Sunday, November 14, 2010

Reflections

I decided to read through some of my first blogs the other day--to get in touch with where I've been and to help me stay true to my vision for this blog.

I found that my blogging has become a journal of my thoughts and the events in my life that I want (or not) to share with others.

And so I reread the first entries that I made as I inaugurated the blog in December 2007 and into 2008. I reviewed the entries of joy, and hope, and also the hard times surrounding the miracle baby, Jax and his stunning recovery from open heart surgery at six days old.

I reflected on how Jax is one of the smartest and most energetic kids that I know--and I recalled seeing him connected to all of the wires and tubes keeping him alive in those hours after the surgery, no one would believe it now--except for still visible straight line on his chest--that reminder of God's mercy and healing power given to this one little precious boy.

And then I ker-thunk-ed.

From the miracle of Jax I ran headlong into one of the darkest and most difficult decisions that I have ever made recorded in the entries from March and April 2008. Perhaps I was reviewing these blog entries because of a song that Eric Scott sang at the house concert which I found therapeutic. Perhaps because there are still dangling threads to this chapter of my life that need to be tied up. What ever the reason--they are still there, raw and dangling.

I saw that I had hidden within my leadership essays the pain that I was feeling during that time. The betrayal. The loss of friends and connectedness with a family of believers that I had been a member of for a long while. I chalked much of it up to life lessons, but even now, two-and-a-half years later I have a hard time getting over the broken relationships with people whom I considered not just friends--but family. When I really needed support and an arm on my shoulder--I got sermonizing and bad theology from the person who I both respected and considered to be my closest friend.


I felt that I had to leave because the bonds of trust and friendship had been crushed through words and inaction.

I was reminded at this point of a verse from Job--"Then they sat down with him on the ground for seven days and seven nights, yet no one spoke a word to him, for they saw that his pain was very great." Job 2:13 - NIV. And I reflected that for seven days Job's friends just sat with him--they were with him and said nothing. Can you imagine sitting with someone for seven days and saying nothing? Just being there?

Sometimes the best thing to say is nothing at all.

I wrote some blogs which helped me deal with my hurt while also trying to help me catalog some of the leadership principles that I could see coming from the reflection on everything that brought me to make the decision--Empowerment and Encouragement and People or process?

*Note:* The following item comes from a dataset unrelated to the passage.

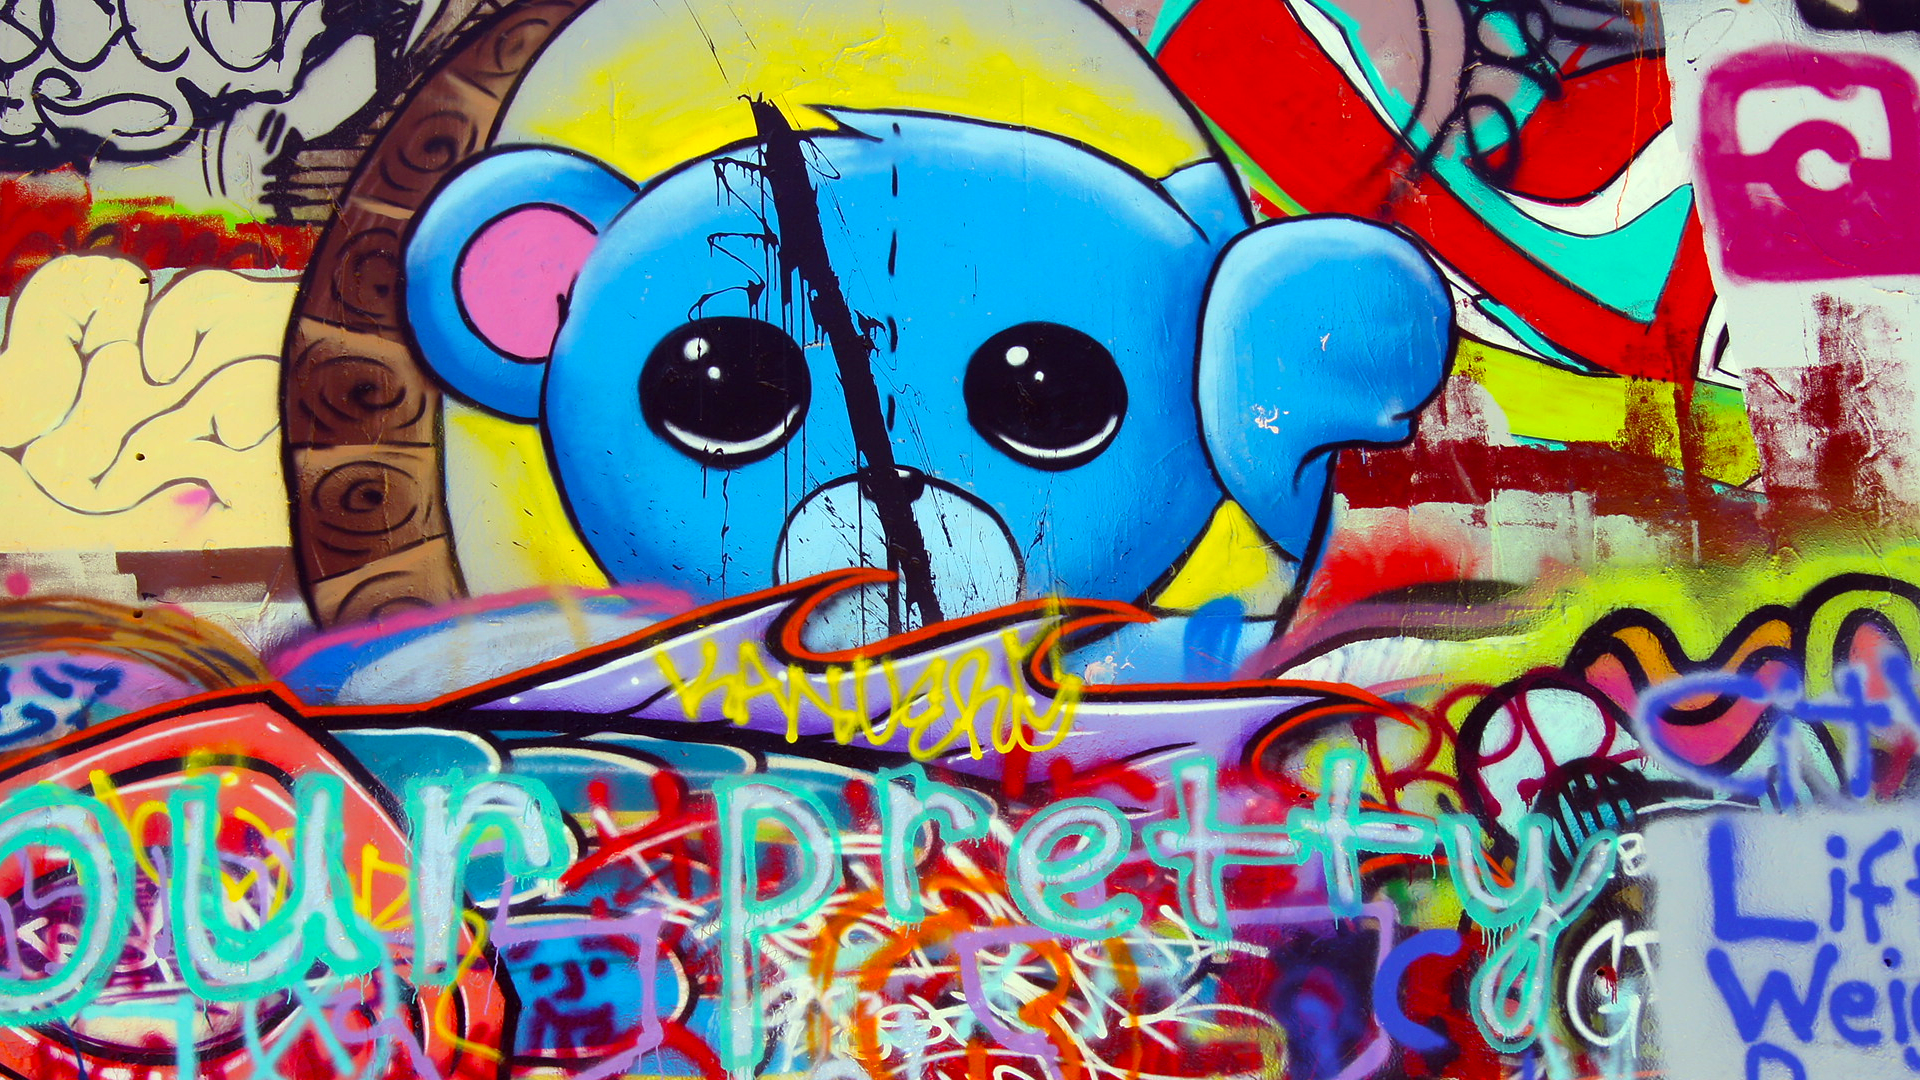 31+] Awesome Graffiti Wallpaper HD - WallpaperSafari

Where's the joy? These two blogs were the first in my Leadership Series and they also were ripe with the pain I was feeling. Another Leadership Series blog about Co-leadership is also based upon my experience and it has been read worldwide and I have received more email about this entry than any other blog I have written. It is apparently widely used in some colleges.

Sadly, though I wrote of my pain and frustration--my friend never pursued me, so I know that the relationship was one-way. I believe this because when I lose something, or something gets lost, like keys or a dog or a cat, I pursue it. I look for it. I find it! Are not people and their relationships worth even more than the relationship with a dog or cat? Yet, through this I felt as if I have been erased from the memory despite my occasional attempts to reconnect, which so far have been rebuffed.

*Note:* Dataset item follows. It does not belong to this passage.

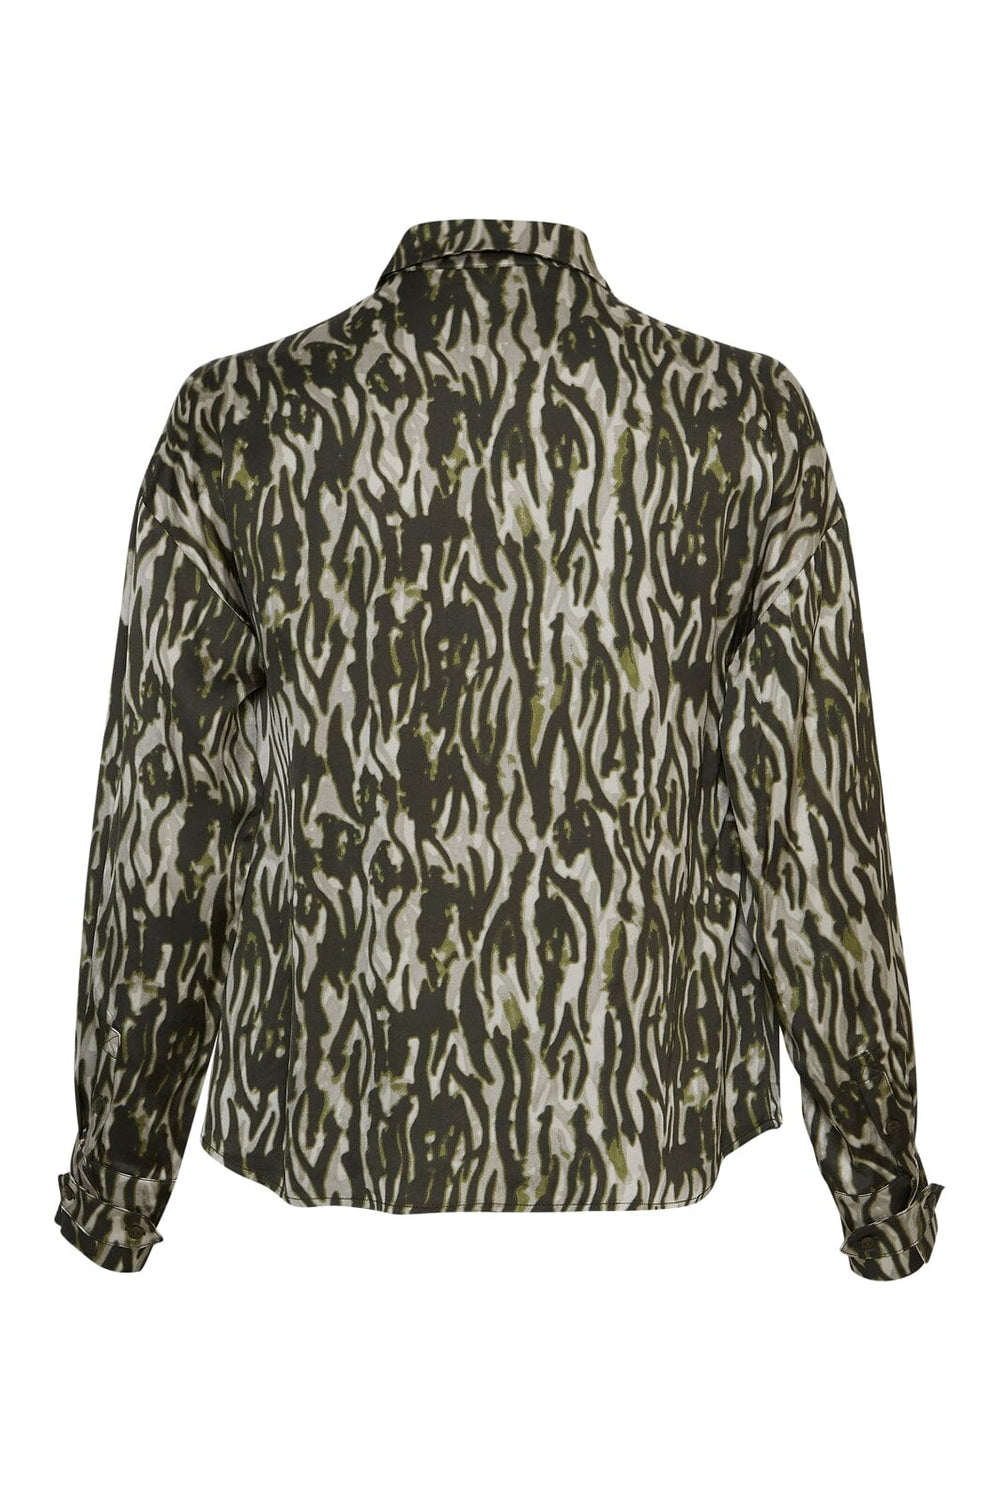 Moss Copenhagen - Mschjoceline Irida Shirt - Blk Sand Zebra Skjorter

The whole situation is like a festering sore that is quiet for a while and then flares up. And then I bury it again and forget it. But some nights, when I have insomnia, I remember the good times and wonder how they went so terribly bad. I think is was a package deal, all wrapped up in the emotion of Jax's crisis and the family coming together.

But it is still out there--in the dark nights, in the blogs, in my heart. Maybe like Eric Scott, I should write a song.

Or a blog.

To read again in a few years.

But I stopped reviewing my blog at that point. Who knows what else is hidden in there, clawing at the prison bars to escape? I'm almost afraid to look.